Женщина ждала. «Кто-то должен же быть дома… Звонить еще или нет?» Решила позвонить еще раз, когда молодая пара покажется на повороте. Она уже протянула руку к кнопке звонка, как вдруг в двери неожиданно открылось небольшое окошко, в котором показалось лицо домработницы. Холодно кивнув в ответ на приветствие звонившей, она тотчас же любезно улыбнулась приближающейся паре:

— Целую ручку…

В ответ прозвучало: «Добрый день». Женщина повернула голову: действительно, это были молодые люди, он — офицер с трехцветной повязкой на рукаве. Домработница проводила пару долгим доброжелательным взглядом, затем ее взгляд остановился на посетительнице, и улыбка мигом исчезла с ее лица.

— Сейчас доложу, — холодно сказала она, захлопнув окошечко.

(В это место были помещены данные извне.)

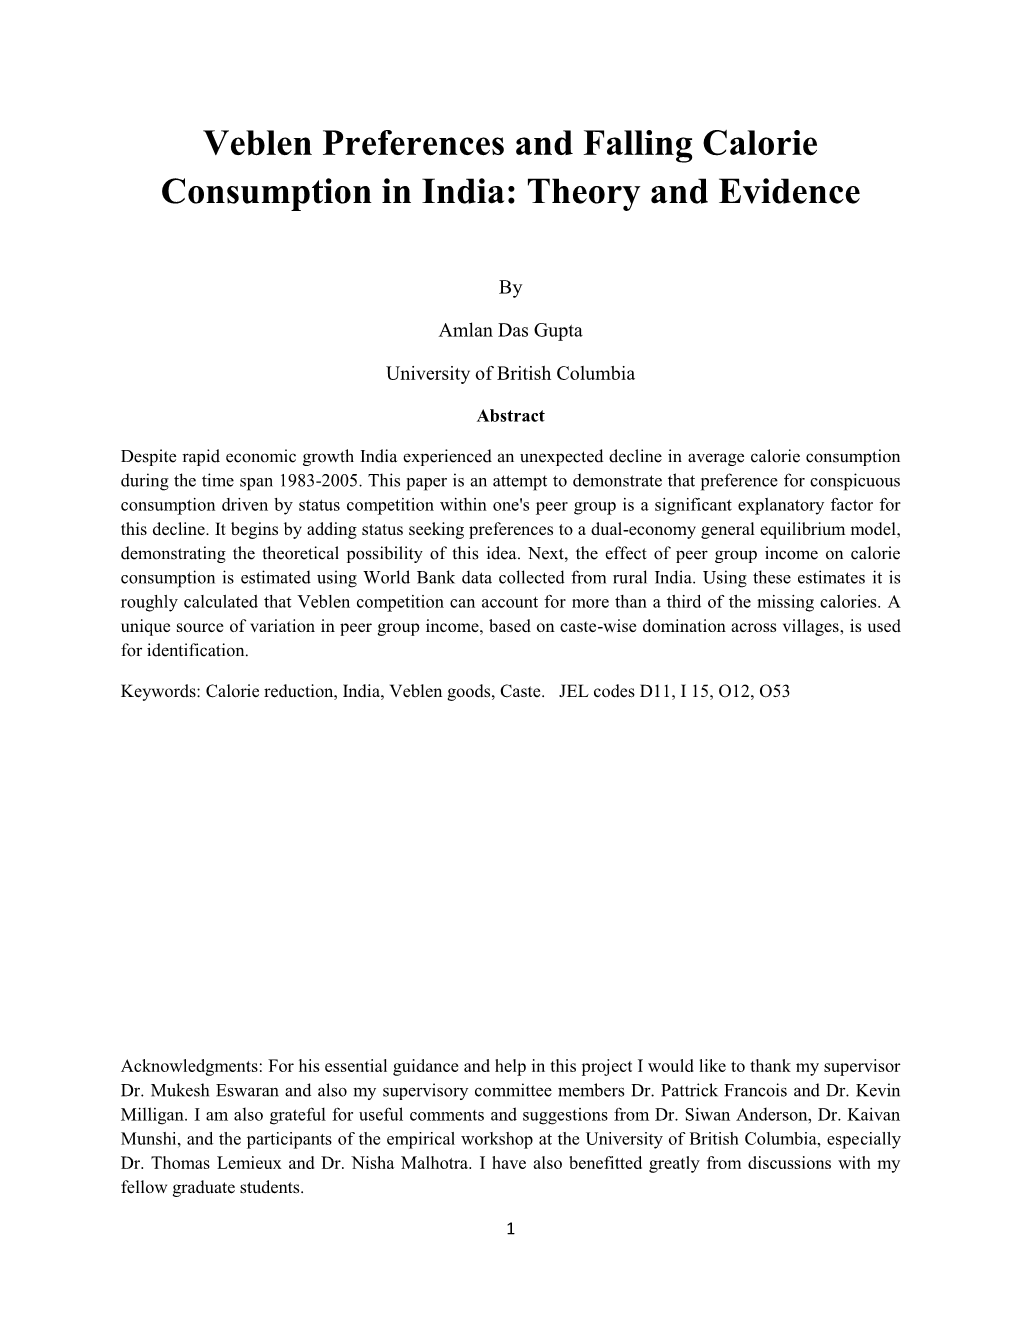 Veblen Preferences and Falling Calorie Consumption in India

Поведение служанки не удивило и даже не обозлило посетительницу. «Дома, значит…» — подумала она и облегченно вздохнула. Уже много лет она не видела Дору… И жалела, что теперь вынуждена была прийти к ней, однако другого выхода она пока не видела и надеялась, что Дора все-таки…

Дора внезапно открыла двери, схватив женщину за руку, буквально втащила ее в квартиру.

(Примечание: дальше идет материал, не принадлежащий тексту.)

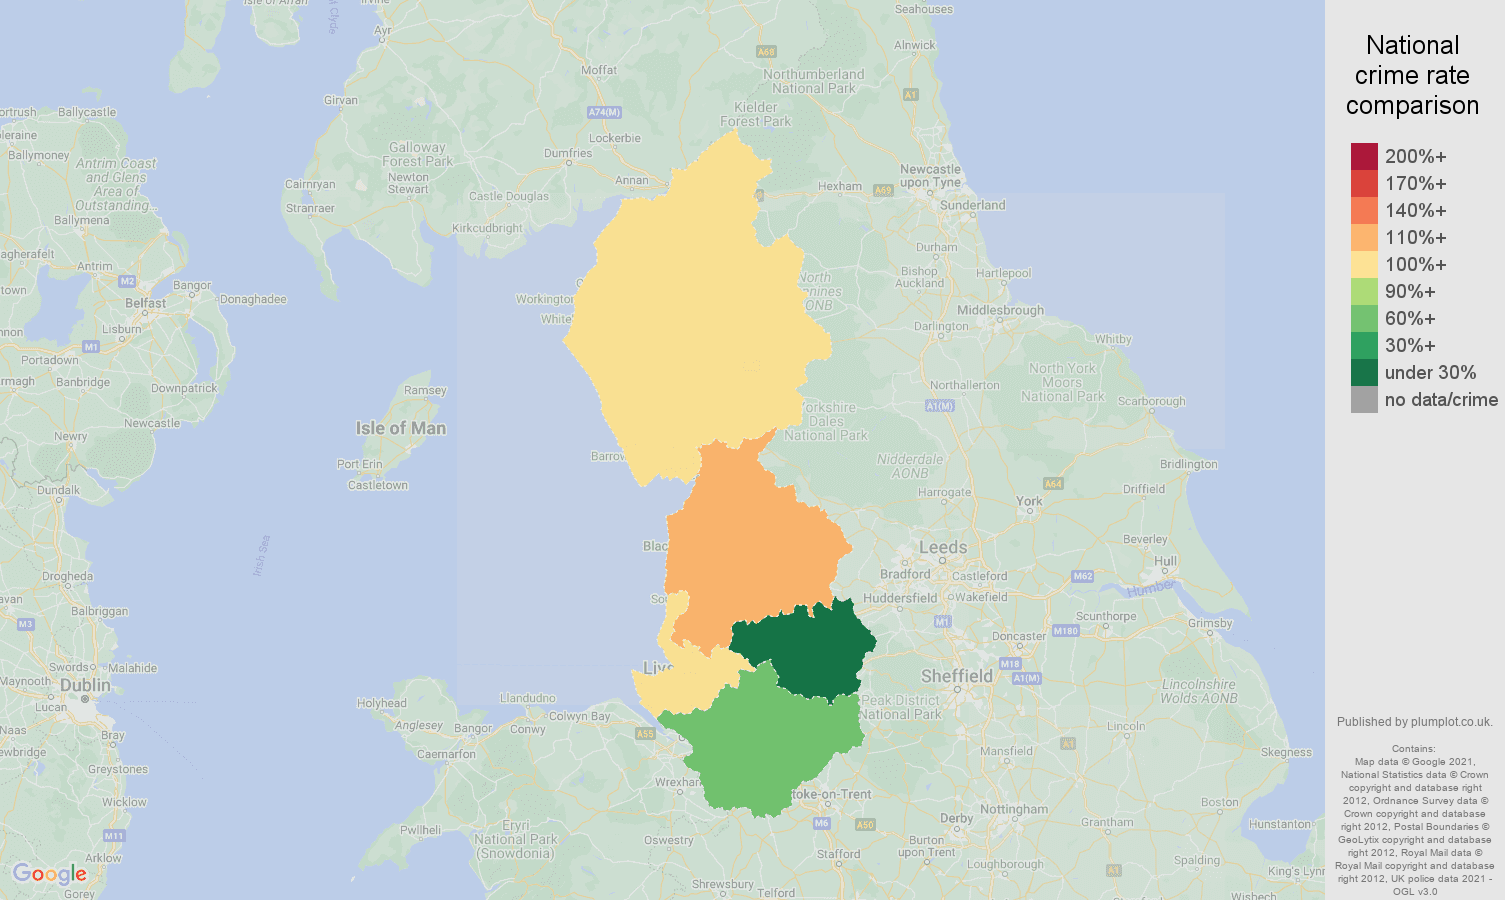 North West possession of weapons crime rate comparison map

— Розочка ты моя, — прошептала она, целуя женщину и быстро захлопывая дверь.

Женщина тоже поцеловала Дору.

Дора слегка отклонилась назад, но не выпустила гостью из своих объятий. Она так пристально всматривалась в свояченицу, будто хотела навеки запомнить ее черты.

— Ты сильно похудела, Розочка. — Голос ее неожиданно оборвался.

Роза смотрела на украшенное драгоценными камнями распятие, красовавшееся на груди у Доры на толстой золотой цепочке. «Дора осталась Дорой», — подумала Роза и чуть было не сказала ей: «Не играй, Дора, хотя бы сейчас, не рисуйся…» — и страшно удивилась, когда, взглянув в ее глаза, увидела блеснувшие в них слезинки. Самые настоящие слезы. Это несколько растрогало ее, она даже пожалела, что подумала о ней так плохо.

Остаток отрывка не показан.